◆ **Requirement**
Write out the data again exactly, skipping every picture.

◆ **Dataset section**
....

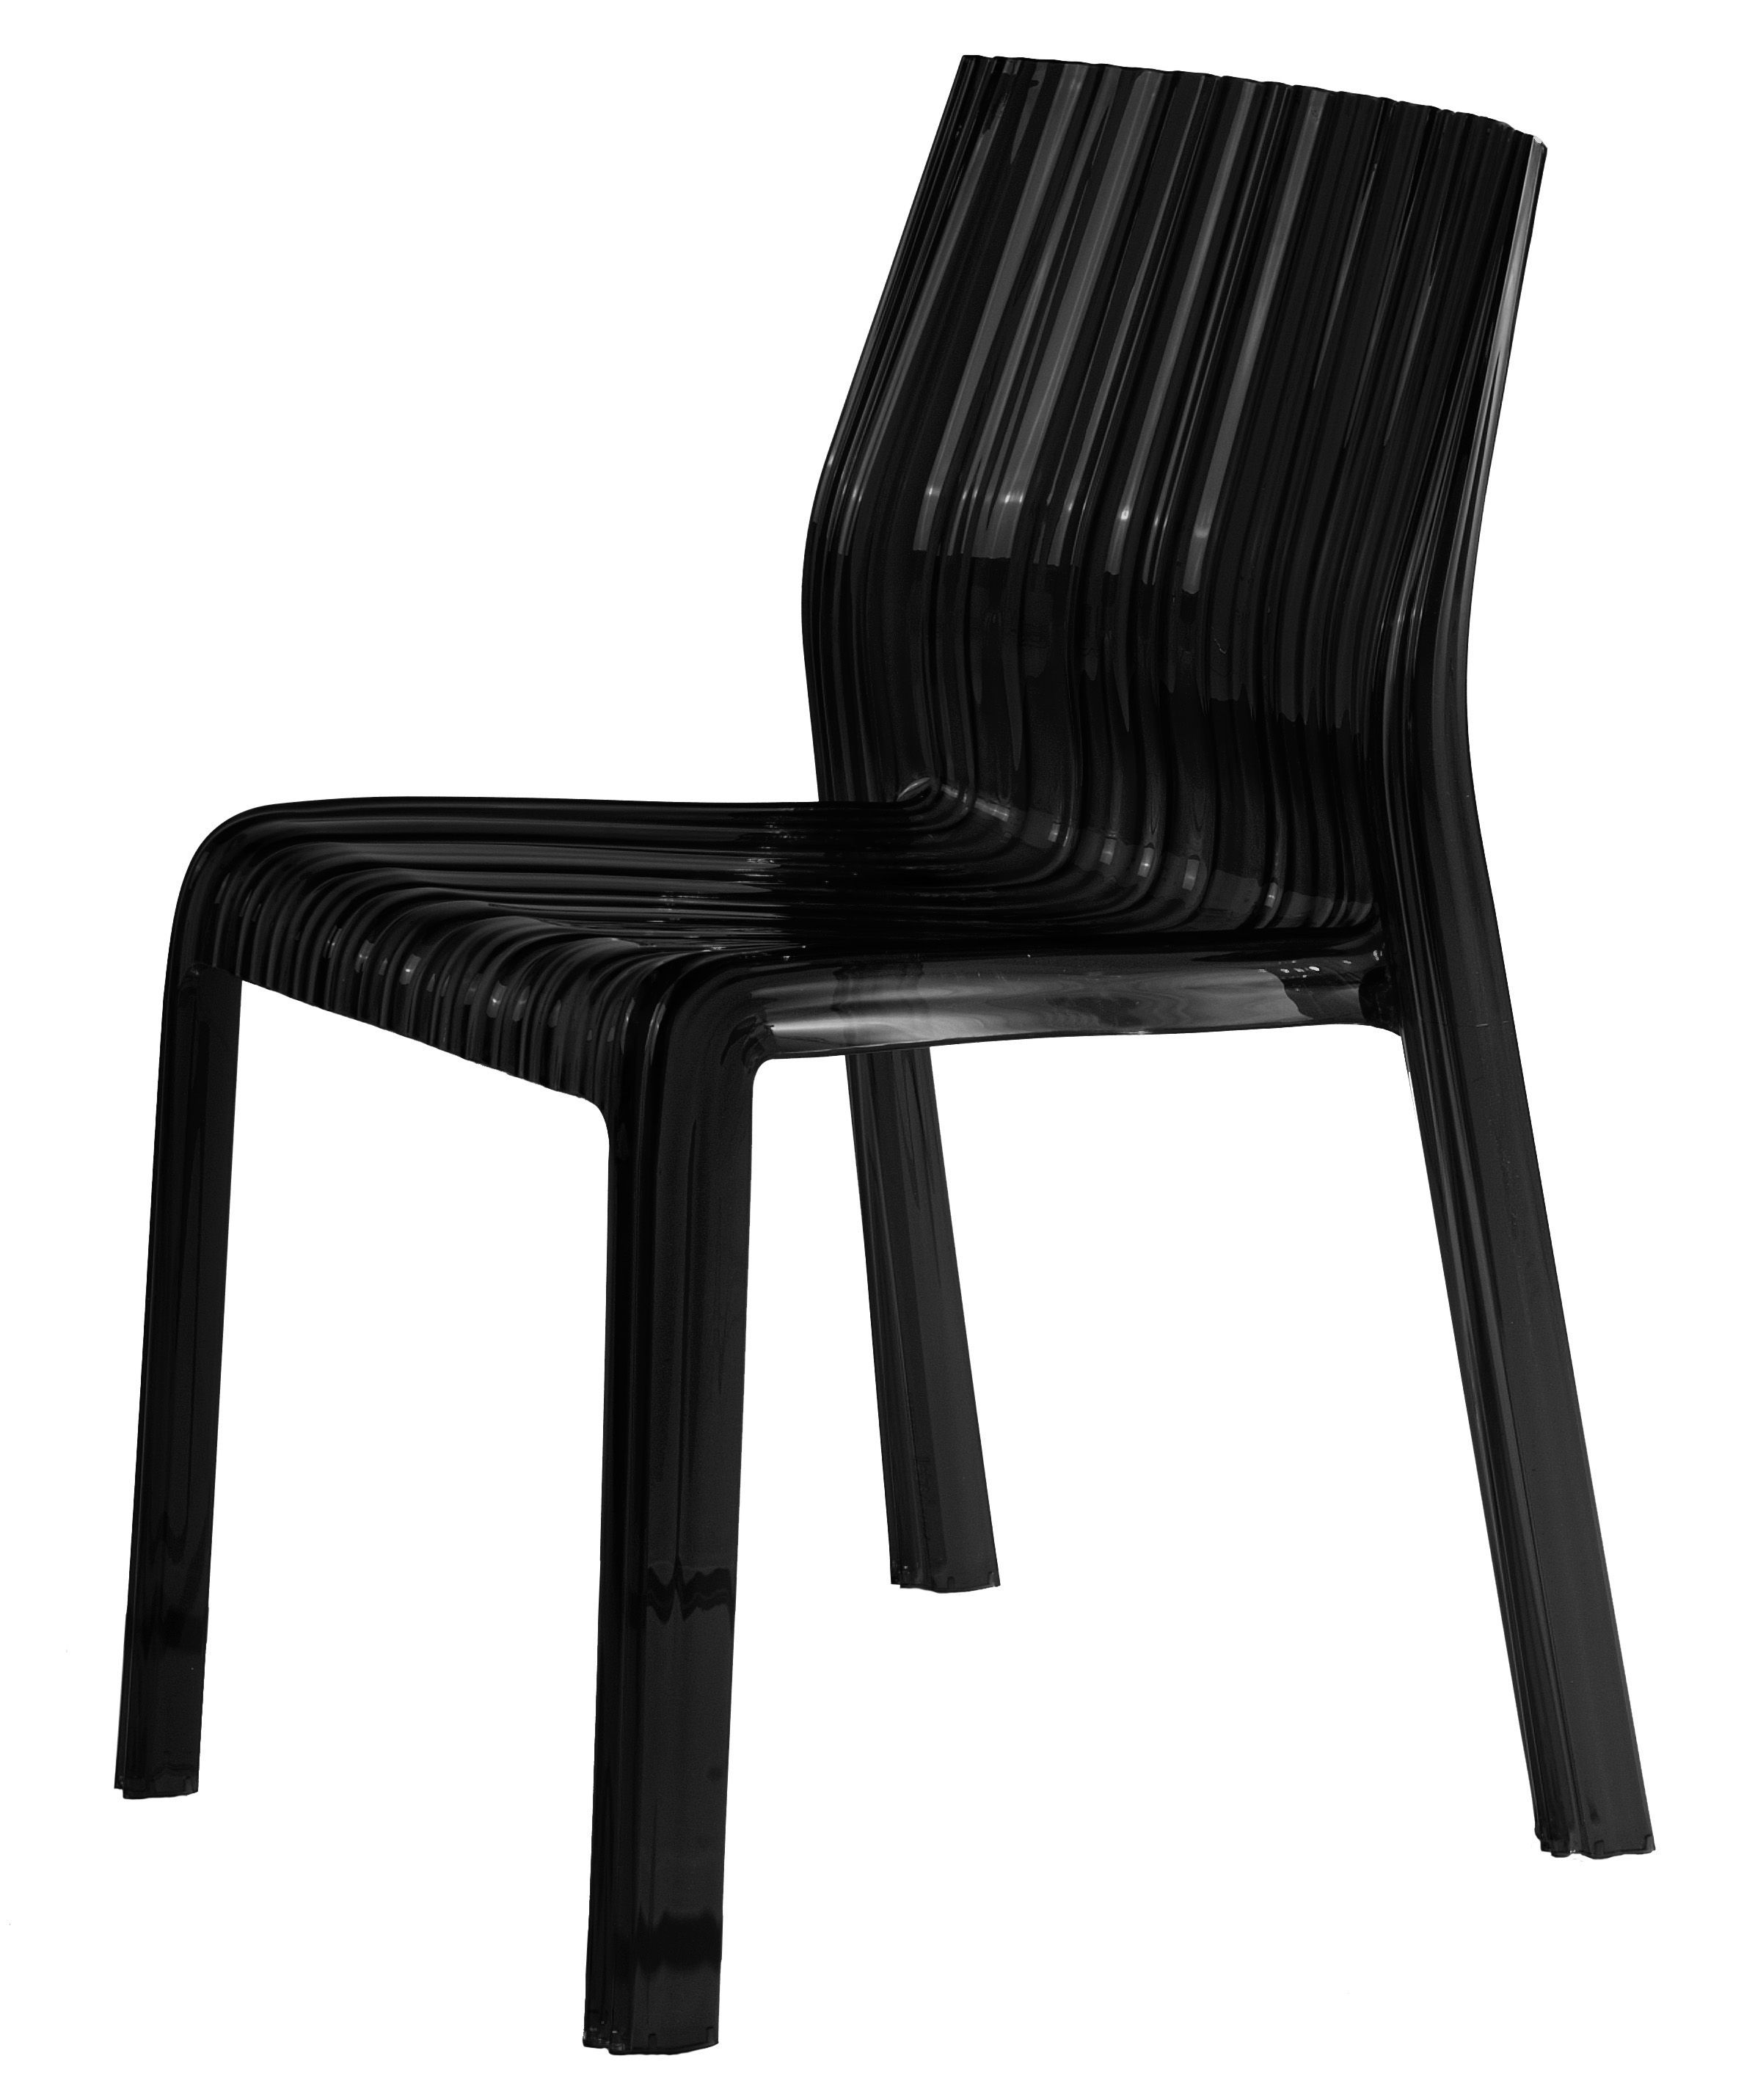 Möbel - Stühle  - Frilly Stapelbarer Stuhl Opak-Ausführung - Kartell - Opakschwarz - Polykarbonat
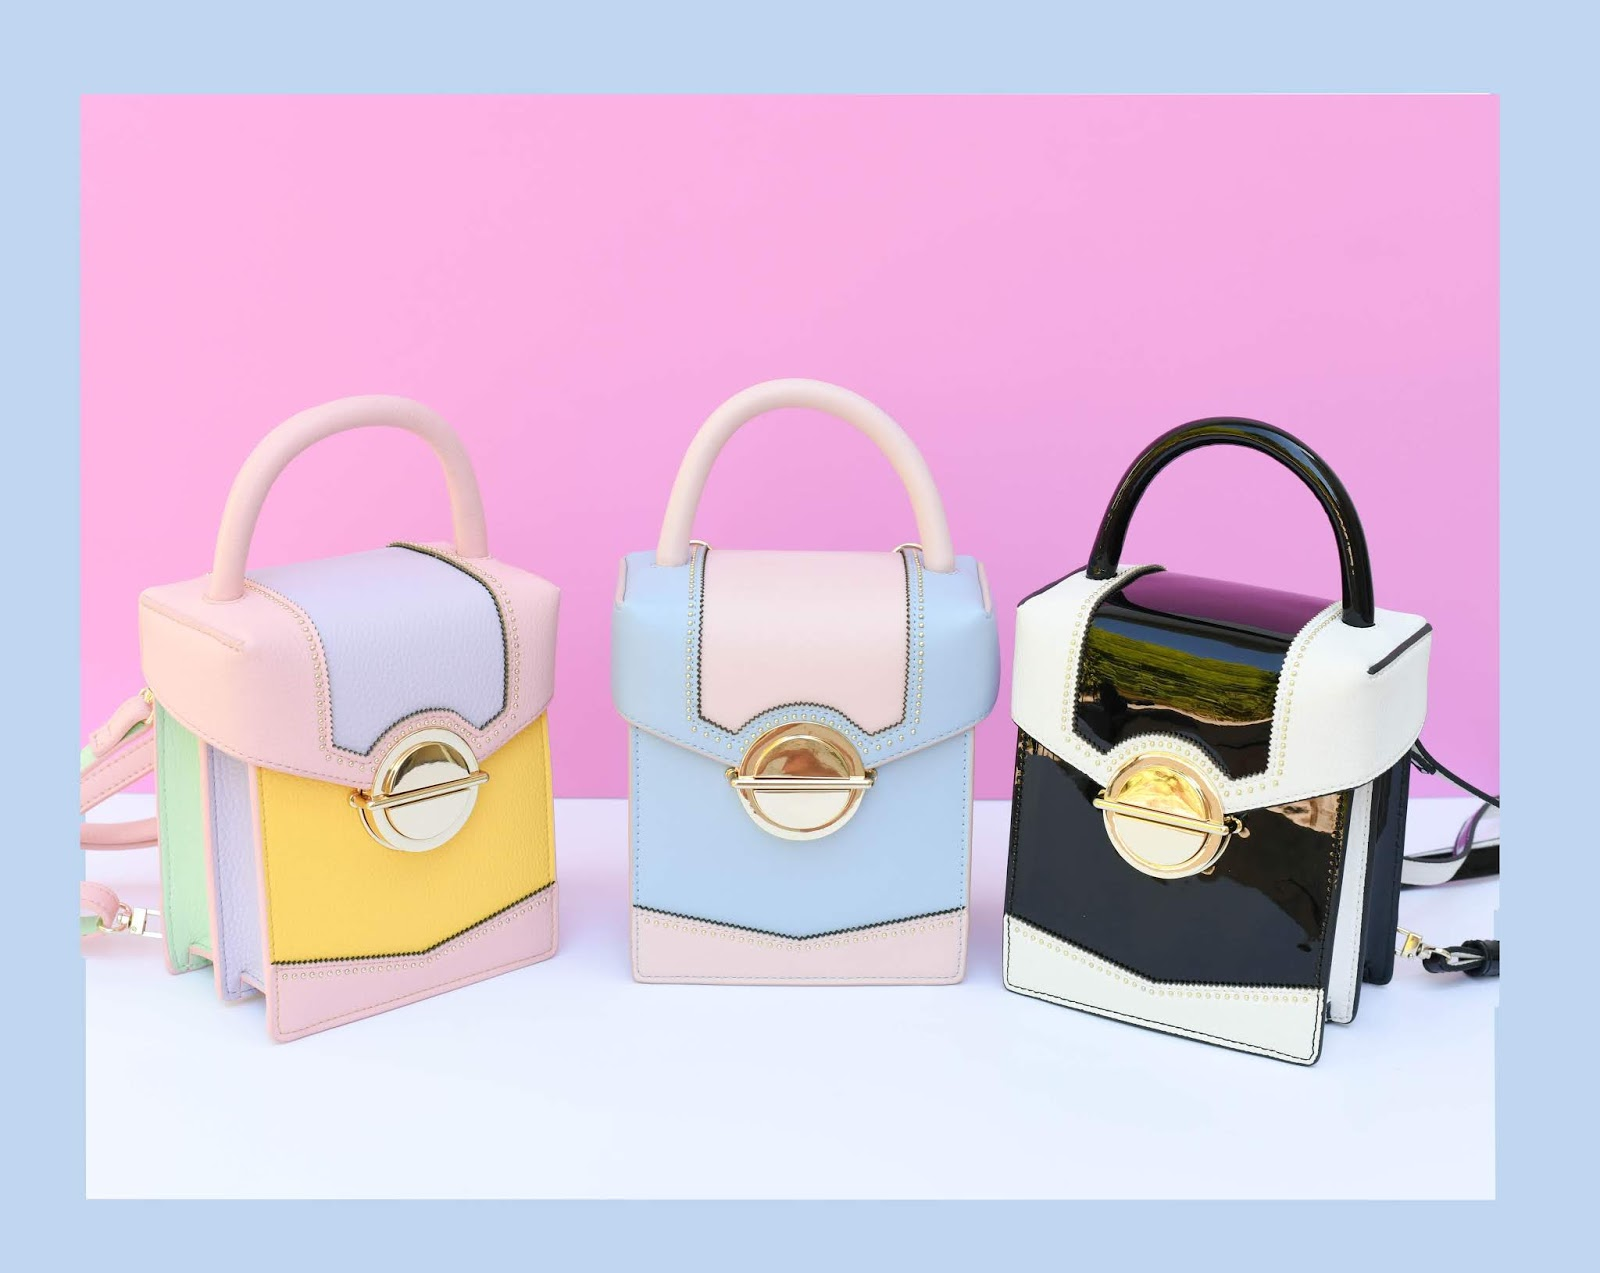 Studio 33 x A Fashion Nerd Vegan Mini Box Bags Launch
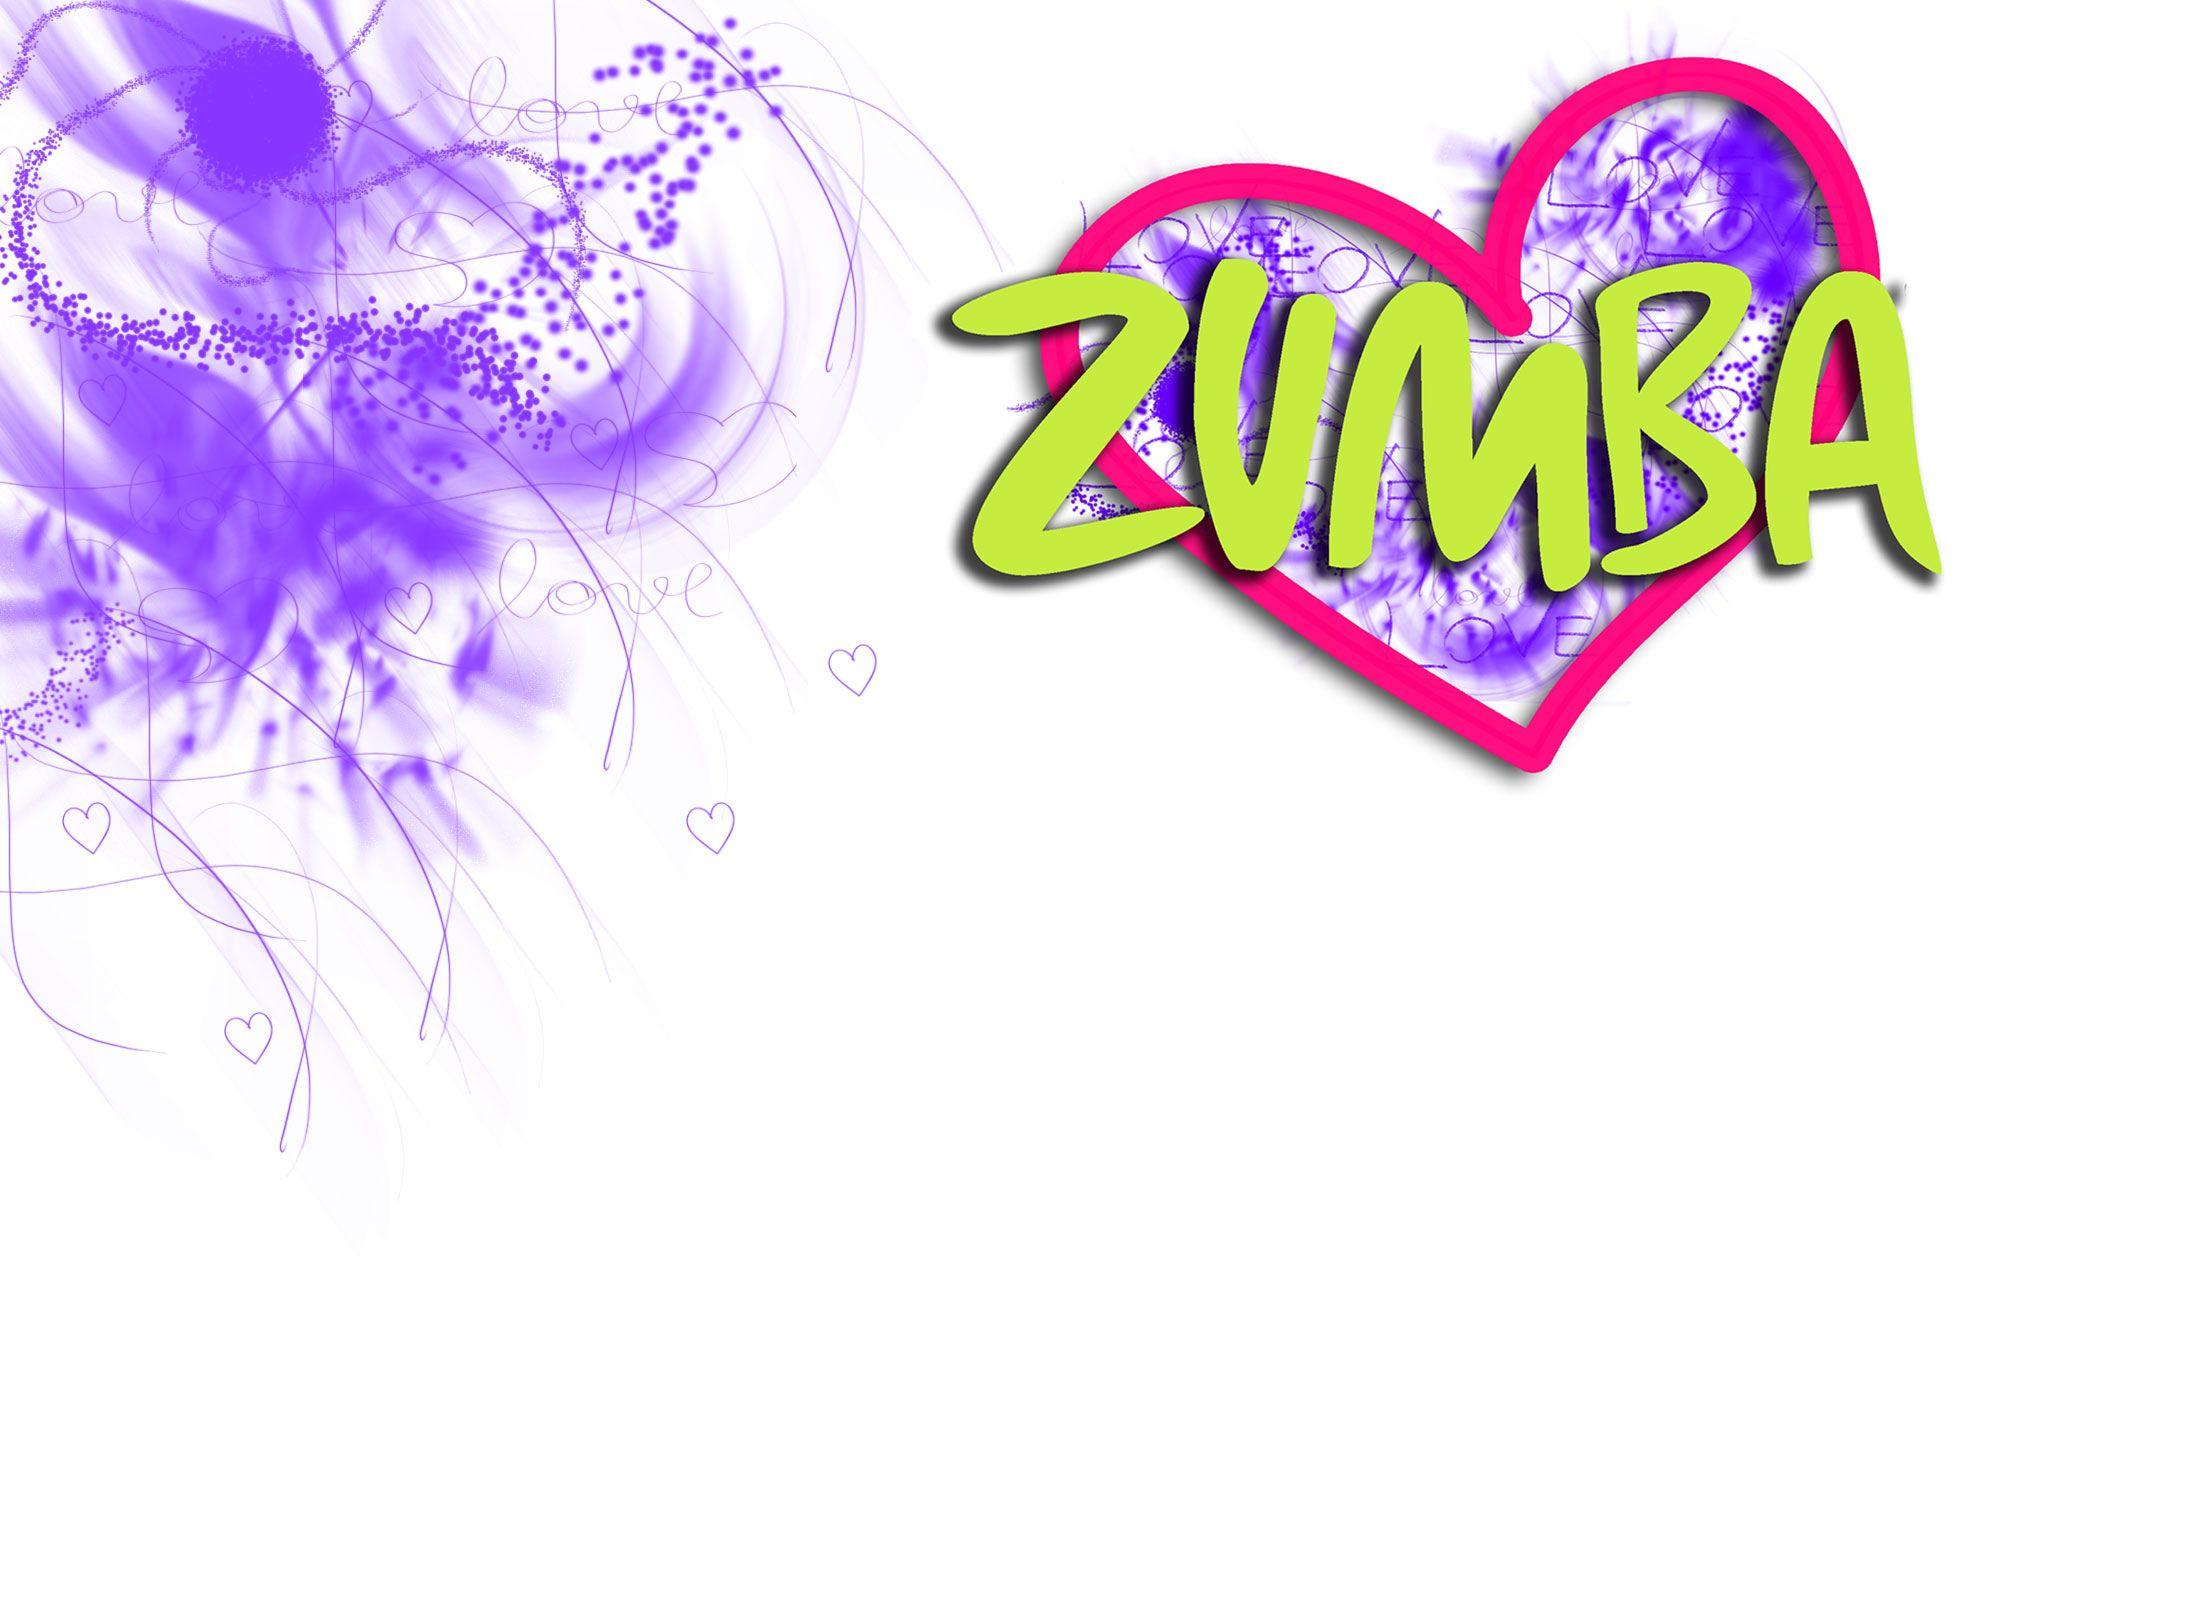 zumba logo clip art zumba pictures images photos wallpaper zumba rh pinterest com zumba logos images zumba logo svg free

....

◆ **Solution below**
 Möbel - Stühle  - Frilly Stapelbarer Stuhl Opak-Ausführung - Kartell - Opakschwarz - Polykarbonat
 Studio 33 x A Fashion Nerd Vegan Mini Box Bags Launch
 zumba logo clip art zumba pictures images photos wallpaper zumba rh pinterest com zumba logos images zumba logo svg free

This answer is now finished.